Let $\lambda$ and $\mu$ be partitions with at most $n$ parts. Write $\mu = 0^{n_0}1^{n_1}2^{n_2}...$ with $\sum_i n_i = n$, to mean $\mu$ has $n_0$ parts of size $0$, $n_1$ parts of size $1$, and so on. Let $V(\lambda)$ be the irreducible finite dimensional polynomial representation of $GL_n(\mathbb{C})$ of highest weight $\lambda$, and let $V(\lambda)_\mu$ be its $\mu$-weight space.
$V(\lambda)_\mu$ naturally carries an action of $S_{n_0} \times S_{n_1} \times S_{n_2} \times \dots$ (a subgroup of $S_n$, conjugate to the obvious inclusion). I am wondering what is known about these spaces as $S_{n_0} \times S_{n_1} \times S_{n_2} \times \dots$ representations?
Here are a few initial things I've noticed:
The dimension of these spaces are Kostka numbers.
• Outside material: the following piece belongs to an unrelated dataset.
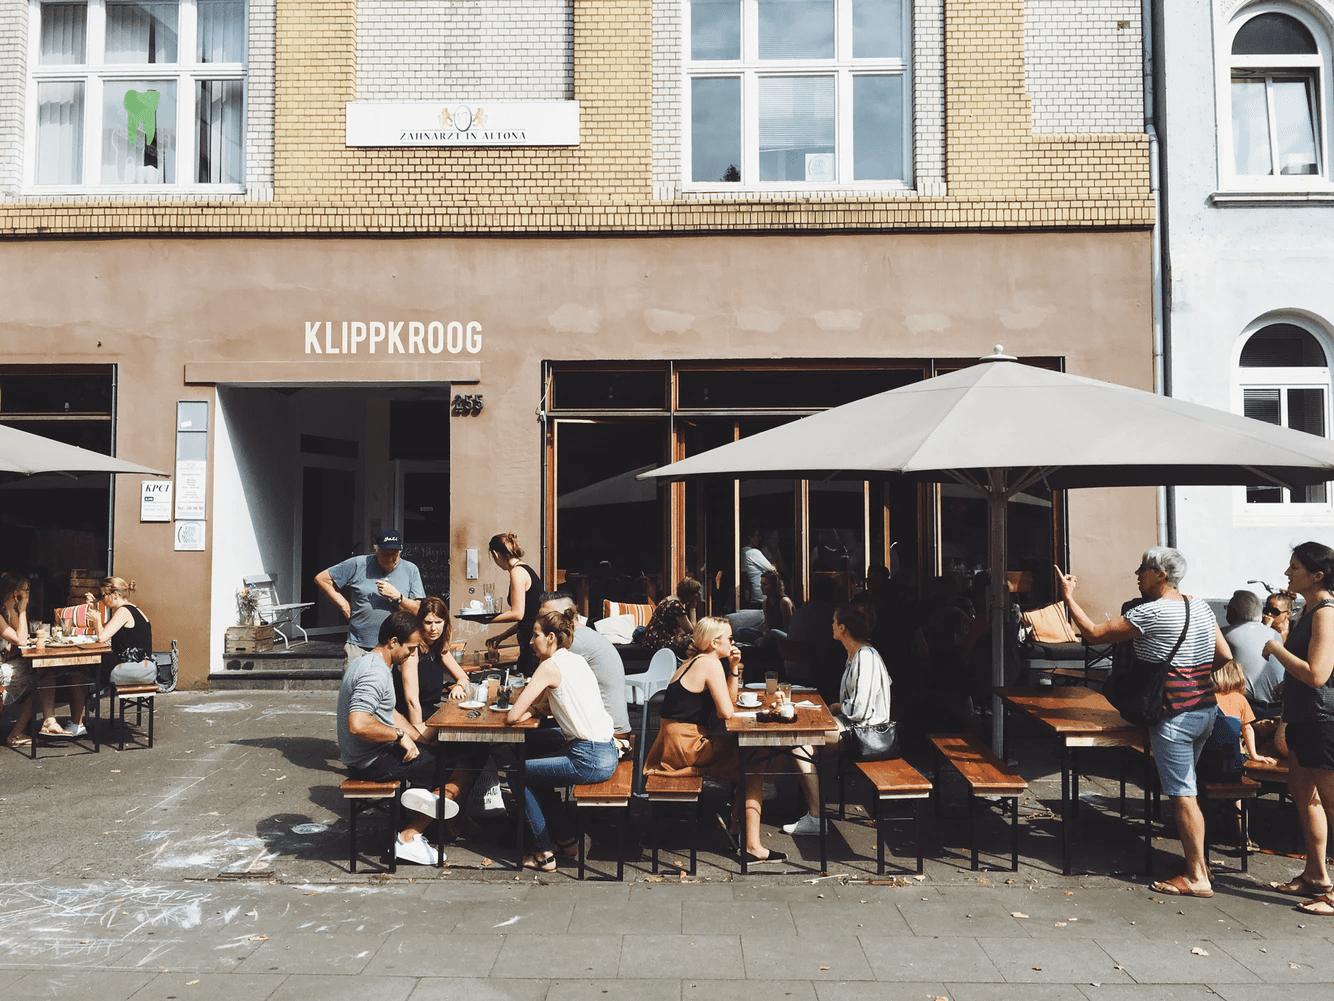 pessoas sentadas tomando café

For polynomial representations the $S_{n_0}$ factor acts trivially, so we can just think of them as $S_{n_1} \times S_{n_2} \times S_{n_3} \times \dots$ representations.
If we fix partitions $\lambda$ and $\mu$ and let $n$ vary the $S_{n_1} \times S_{n_2} \times S_{n_3} \times \dots$ representations we get don't change (provided $n$ is large enough for this all to make sense).
Ideally I'd like some description of these representations in terms of some combinatorics on semistandard Young tableaux, but I'd be interested in hearing whatever is known.